§ **Task details**
Copy the records below exactly as they appear.

---------- Information supplied ----------

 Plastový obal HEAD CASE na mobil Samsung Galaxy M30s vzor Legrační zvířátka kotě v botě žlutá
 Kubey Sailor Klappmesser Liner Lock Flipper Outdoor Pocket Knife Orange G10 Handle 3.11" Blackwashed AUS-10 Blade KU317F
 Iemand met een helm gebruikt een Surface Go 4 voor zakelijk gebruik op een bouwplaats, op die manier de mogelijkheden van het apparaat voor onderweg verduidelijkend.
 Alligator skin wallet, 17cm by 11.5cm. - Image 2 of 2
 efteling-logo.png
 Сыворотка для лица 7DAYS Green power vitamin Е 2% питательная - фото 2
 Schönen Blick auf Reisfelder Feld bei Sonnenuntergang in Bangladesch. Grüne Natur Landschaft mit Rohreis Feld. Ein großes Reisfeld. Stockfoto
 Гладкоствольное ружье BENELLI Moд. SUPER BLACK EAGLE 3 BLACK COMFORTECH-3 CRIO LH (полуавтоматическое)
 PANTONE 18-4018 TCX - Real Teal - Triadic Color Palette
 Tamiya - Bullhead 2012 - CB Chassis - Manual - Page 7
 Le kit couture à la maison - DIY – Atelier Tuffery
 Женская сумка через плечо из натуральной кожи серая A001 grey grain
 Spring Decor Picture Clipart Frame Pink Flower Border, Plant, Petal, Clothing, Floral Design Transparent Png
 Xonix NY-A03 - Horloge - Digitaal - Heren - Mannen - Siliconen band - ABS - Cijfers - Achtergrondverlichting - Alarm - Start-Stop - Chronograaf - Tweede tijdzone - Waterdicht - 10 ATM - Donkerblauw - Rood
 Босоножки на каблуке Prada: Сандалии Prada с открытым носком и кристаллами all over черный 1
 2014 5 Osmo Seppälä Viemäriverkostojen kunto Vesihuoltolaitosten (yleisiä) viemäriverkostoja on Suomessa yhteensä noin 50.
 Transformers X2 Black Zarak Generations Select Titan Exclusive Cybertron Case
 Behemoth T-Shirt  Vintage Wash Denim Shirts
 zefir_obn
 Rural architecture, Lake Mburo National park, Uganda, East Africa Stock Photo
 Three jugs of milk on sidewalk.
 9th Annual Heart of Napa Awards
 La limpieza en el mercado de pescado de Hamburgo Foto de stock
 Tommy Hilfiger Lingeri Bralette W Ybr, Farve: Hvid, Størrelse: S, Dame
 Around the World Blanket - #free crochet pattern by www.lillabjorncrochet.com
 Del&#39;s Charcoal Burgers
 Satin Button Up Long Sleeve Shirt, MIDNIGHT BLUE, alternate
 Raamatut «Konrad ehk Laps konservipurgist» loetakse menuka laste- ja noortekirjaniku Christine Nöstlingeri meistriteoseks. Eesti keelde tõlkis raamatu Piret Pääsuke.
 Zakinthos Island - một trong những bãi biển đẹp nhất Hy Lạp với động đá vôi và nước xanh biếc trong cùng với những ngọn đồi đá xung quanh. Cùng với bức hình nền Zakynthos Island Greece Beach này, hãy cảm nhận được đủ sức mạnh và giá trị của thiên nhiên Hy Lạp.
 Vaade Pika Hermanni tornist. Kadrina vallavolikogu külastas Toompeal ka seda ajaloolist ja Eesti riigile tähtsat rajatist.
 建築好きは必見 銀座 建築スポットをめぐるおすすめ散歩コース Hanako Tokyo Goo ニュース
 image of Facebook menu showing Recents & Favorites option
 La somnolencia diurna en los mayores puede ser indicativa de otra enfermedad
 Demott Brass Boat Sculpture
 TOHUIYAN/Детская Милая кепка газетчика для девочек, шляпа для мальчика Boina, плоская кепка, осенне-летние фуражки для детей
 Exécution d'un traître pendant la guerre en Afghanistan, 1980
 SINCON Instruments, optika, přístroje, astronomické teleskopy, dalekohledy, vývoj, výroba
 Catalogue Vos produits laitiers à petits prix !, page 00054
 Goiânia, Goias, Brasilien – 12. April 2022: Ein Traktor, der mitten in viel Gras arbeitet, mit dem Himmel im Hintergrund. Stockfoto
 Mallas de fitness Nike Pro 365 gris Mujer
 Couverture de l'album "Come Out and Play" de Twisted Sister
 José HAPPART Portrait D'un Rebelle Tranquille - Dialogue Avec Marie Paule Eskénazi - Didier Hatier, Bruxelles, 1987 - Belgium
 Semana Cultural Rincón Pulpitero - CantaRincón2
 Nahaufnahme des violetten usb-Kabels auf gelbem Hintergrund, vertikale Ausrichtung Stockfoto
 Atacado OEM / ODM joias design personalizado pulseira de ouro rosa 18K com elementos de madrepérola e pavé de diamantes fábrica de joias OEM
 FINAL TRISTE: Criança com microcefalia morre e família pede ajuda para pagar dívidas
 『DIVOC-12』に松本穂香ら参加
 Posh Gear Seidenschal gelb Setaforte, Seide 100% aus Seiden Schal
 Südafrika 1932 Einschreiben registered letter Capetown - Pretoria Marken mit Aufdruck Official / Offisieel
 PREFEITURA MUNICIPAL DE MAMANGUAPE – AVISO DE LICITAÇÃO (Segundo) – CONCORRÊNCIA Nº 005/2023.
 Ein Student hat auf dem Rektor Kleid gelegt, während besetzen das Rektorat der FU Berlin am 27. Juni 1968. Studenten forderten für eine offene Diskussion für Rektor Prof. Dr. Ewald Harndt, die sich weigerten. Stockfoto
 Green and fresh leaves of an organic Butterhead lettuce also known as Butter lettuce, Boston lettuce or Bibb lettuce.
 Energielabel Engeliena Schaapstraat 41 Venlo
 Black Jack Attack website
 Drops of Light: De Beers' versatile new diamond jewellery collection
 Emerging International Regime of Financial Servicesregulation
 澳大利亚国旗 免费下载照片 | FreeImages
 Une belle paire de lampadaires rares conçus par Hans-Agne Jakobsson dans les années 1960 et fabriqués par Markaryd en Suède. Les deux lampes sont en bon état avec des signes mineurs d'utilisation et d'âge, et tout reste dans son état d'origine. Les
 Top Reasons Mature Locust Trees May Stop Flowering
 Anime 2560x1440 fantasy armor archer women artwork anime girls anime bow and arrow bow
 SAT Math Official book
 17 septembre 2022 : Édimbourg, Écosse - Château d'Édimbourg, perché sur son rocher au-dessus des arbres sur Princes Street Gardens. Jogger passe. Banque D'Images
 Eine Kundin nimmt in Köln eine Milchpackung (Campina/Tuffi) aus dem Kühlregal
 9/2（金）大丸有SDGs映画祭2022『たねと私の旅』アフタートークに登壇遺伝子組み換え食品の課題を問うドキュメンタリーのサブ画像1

----------

§ **Task response**
 Plastový obal HEAD CASE na mobil Samsung Galaxy M30s vzor Legrační zvířátka kotě v botě žlutá
 Kubey Sailor Klappmesser Liner Lock Flipper Outdoor Pocket Knife Orange G10 Handle 3.11" Blackwashed AUS-10 Blade KU317F
 Iemand met een helm gebruikt een Surface Go 4 voor zakelijk gebruik op een bouwplaats, op die manier de mogelijkheden van het apparaat voor onderweg verduidelijkend.
 Alligator skin wallet, 17cm by 11.5cm. - Image 2 of 2
 efteling-logo.png
 Сыворотка для лица 7DAYS Green power vitamin Е 2% питательная - фото 2
 Schönen Blick auf Reisfelder Feld bei Sonnenuntergang in Bangladesch. Grüne Natur Landschaft mit Rohreis Feld. Ein großes Reisfeld. Stockfoto
 Гладкоствольное ружье BENELLI Moд. SUPER BLACK EAGLE 3 BLACK COMFORTECH-3 CRIO LH (полуавтоматическое)
 PANTONE 18-4018 TCX - Real Teal - Triadic Color Palette
 Tamiya - Bullhead 2012 - CB Chassis - Manual - Page 7
 Le kit couture à la maison - DIY – Atelier Tuffery
 Женская сумка через плечо из натуральной кожи серая A001 grey grain
 Spring Decor Picture Clipart Frame Pink Flower Border, Plant, Petal, Clothing, Floral Design Transparent Png
 Xonix NY-A03 - Horloge - Digitaal - Heren - Mannen - Siliconen band - ABS - Cijfers - Achtergrondverlichting - Alarm - Start-Stop - Chronograaf - Tweede tijdzone - Waterdicht - 10 ATM - Donkerblauw - Rood
 Босоножки на каблуке Prada: Сандалии Prada с открытым носком и кристаллами all over черный 1
 2014 5 Osmo Seppälä Viemäriverkostojen kunto Vesihuoltolaitosten (yleisiä) viemäriverkostoja on Suomessa yhteensä noin 50.
 Transformers X2 Black Zarak Generations Select Titan Exclusive Cybertron Case
 Behemoth T-Shirt  Vintage Wash Denim Shirts
 zefir_obn
 Rural architecture, Lake Mburo National park, Uganda, East Africa Stock Photo
 Three jugs of milk on sidewalk.
 9th Annual Heart of Napa Awards
 La limpieza en el mercado de pescado de Hamburgo Foto de stock
 Tommy Hilfiger Lingeri Bralette W Ybr, Farve: Hvid, Størrelse: S, Dame
 Around the World Blanket - #free crochet pattern by www.lillabjorncrochet.com
 Del&#39;s Charcoal Burgers
 Satin Button Up Long Sleeve Shirt, MIDNIGHT BLUE, alternate
 Raamatut «Konrad ehk Laps konservipurgist» loetakse menuka laste- ja noortekirjaniku Christine Nöstlingeri meistriteoseks. Eesti keelde tõlkis raamatu Piret Pääsuke.
 Zakinthos Island - một trong những bãi biển đẹp nhất Hy Lạp với động đá vôi và nước xanh biếc trong cùng với những ngọn đồi đá xung quanh. Cùng với bức hình nền Zakynthos Island Greece Beach này, hãy cảm nhận được đủ sức mạnh và giá trị của thiên nhiên Hy Lạp.
 Vaade Pika Hermanni tornist. Kadrina vallavolikogu külastas Toompeal ka seda ajaloolist ja Eesti riigile tähtsat rajatist.
 建築好きは必見 銀座 建築スポットをめぐるおすすめ散歩コース Hanako Tokyo Goo ニュース
 image of Facebook menu showing Recents & Favorites option
 La somnolencia diurna en los mayores puede ser indicativa de otra enfermedad
 Demott Brass Boat Sculpture
 TOHUIYAN/Детская Милая кепка газетчика для девочек, шляпа для мальчика Boina, плоская кепка, осенне-летние фуражки для детей
 Exécution d'un traître pendant la guerre en Afghanistan, 1980
 SINCON Instruments, optika, přístroje, astronomické teleskopy, dalekohledy, vývoj, výroba
 Catalogue Vos produits laitiers à petits prix !, page 00054
 Goiânia, Goias, Brasilien – 12. April 2022: Ein Traktor, der mitten in viel Gras arbeitet, mit dem Himmel im Hintergrund. Stockfoto
 Mallas de fitness Nike Pro 365 gris Mujer
 Couverture de l'album "Come Out and Play" de Twisted Sister
 José HAPPART Portrait D'un Rebelle Tranquille - Dialogue Avec Marie Paule Eskénazi - Didier Hatier, Bruxelles, 1987 - Belgium
 Semana Cultural Rincón Pulpitero - CantaRincón2
 Nahaufnahme des violetten usb-Kabels auf gelbem Hintergrund, vertikale Ausrichtung Stockfoto
 Atacado OEM / ODM joias design personalizado pulseira de ouro rosa 18K com elementos de madrepérola e pavé de diamantes fábrica de joias OEM
 FINAL TRISTE: Criança com microcefalia morre e família pede ajuda para pagar dívidas
 『DIVOC-12』に松本穂香ら参加
 Posh Gear Seidenschal gelb Setaforte, Seide 100% aus Seiden Schal
 Südafrika 1932 Einschreiben registered letter Capetown - Pretoria Marken mit Aufdruck Official / Offisieel
 PREFEITURA MUNICIPAL DE MAMANGUAPE – AVISO DE LICITAÇÃO (Segundo) – CONCORRÊNCIA Nº 005/2023.
 Ein Student hat auf dem Rektor Kleid gelegt, während besetzen das Rektorat der FU Berlin am 27. Juni 1968. Studenten forderten für eine offene Diskussion für Rektor Prof. Dr. Ewald Harndt, die sich weigerten. Stockfoto
 Green and fresh leaves of an organic Butterhead lettuce also known as Butter lettuce, Boston lettuce or Bibb lettuce.
 Energielabel Engeliena Schaapstraat 41 Venlo
 Black Jack Attack website
 Drops of Light: De Beers' versatile new diamond jewellery collection
 Emerging International Regime of Financial Servicesregulation
 澳大利亚国旗 免费下载照片 | FreeImages
 Une belle paire de lampadaires rares conçus par Hans-Agne Jakobsson dans les années 1960 et fabriqués par Markaryd en Suède. Les deux lampes sont en bon état avec des signes mineurs d'utilisation et d'âge, et tout reste dans son état d'origine. Les
 Top Reasons Mature Locust Trees May Stop Flowering
 Anime 2560x1440 fantasy armor archer women artwork anime girls anime bow and arrow bow
 SAT Math Official book
 17 septembre 2022 : Édimbourg, Écosse - Château d'Édimbourg, perché sur son rocher au-dessus des arbres sur Princes Street Gardens. Jogger passe. Banque D'Images
 Eine Kundin nimmt in Köln eine Milchpackung (Campina/Tuffi) aus dem Kühlregal
 9/2（金）大丸有SDGs映画祭2022『たねと私の旅』アフタートークに登壇遺伝子組み換え食品の課題を問うドキュメンタリーのサブ画像1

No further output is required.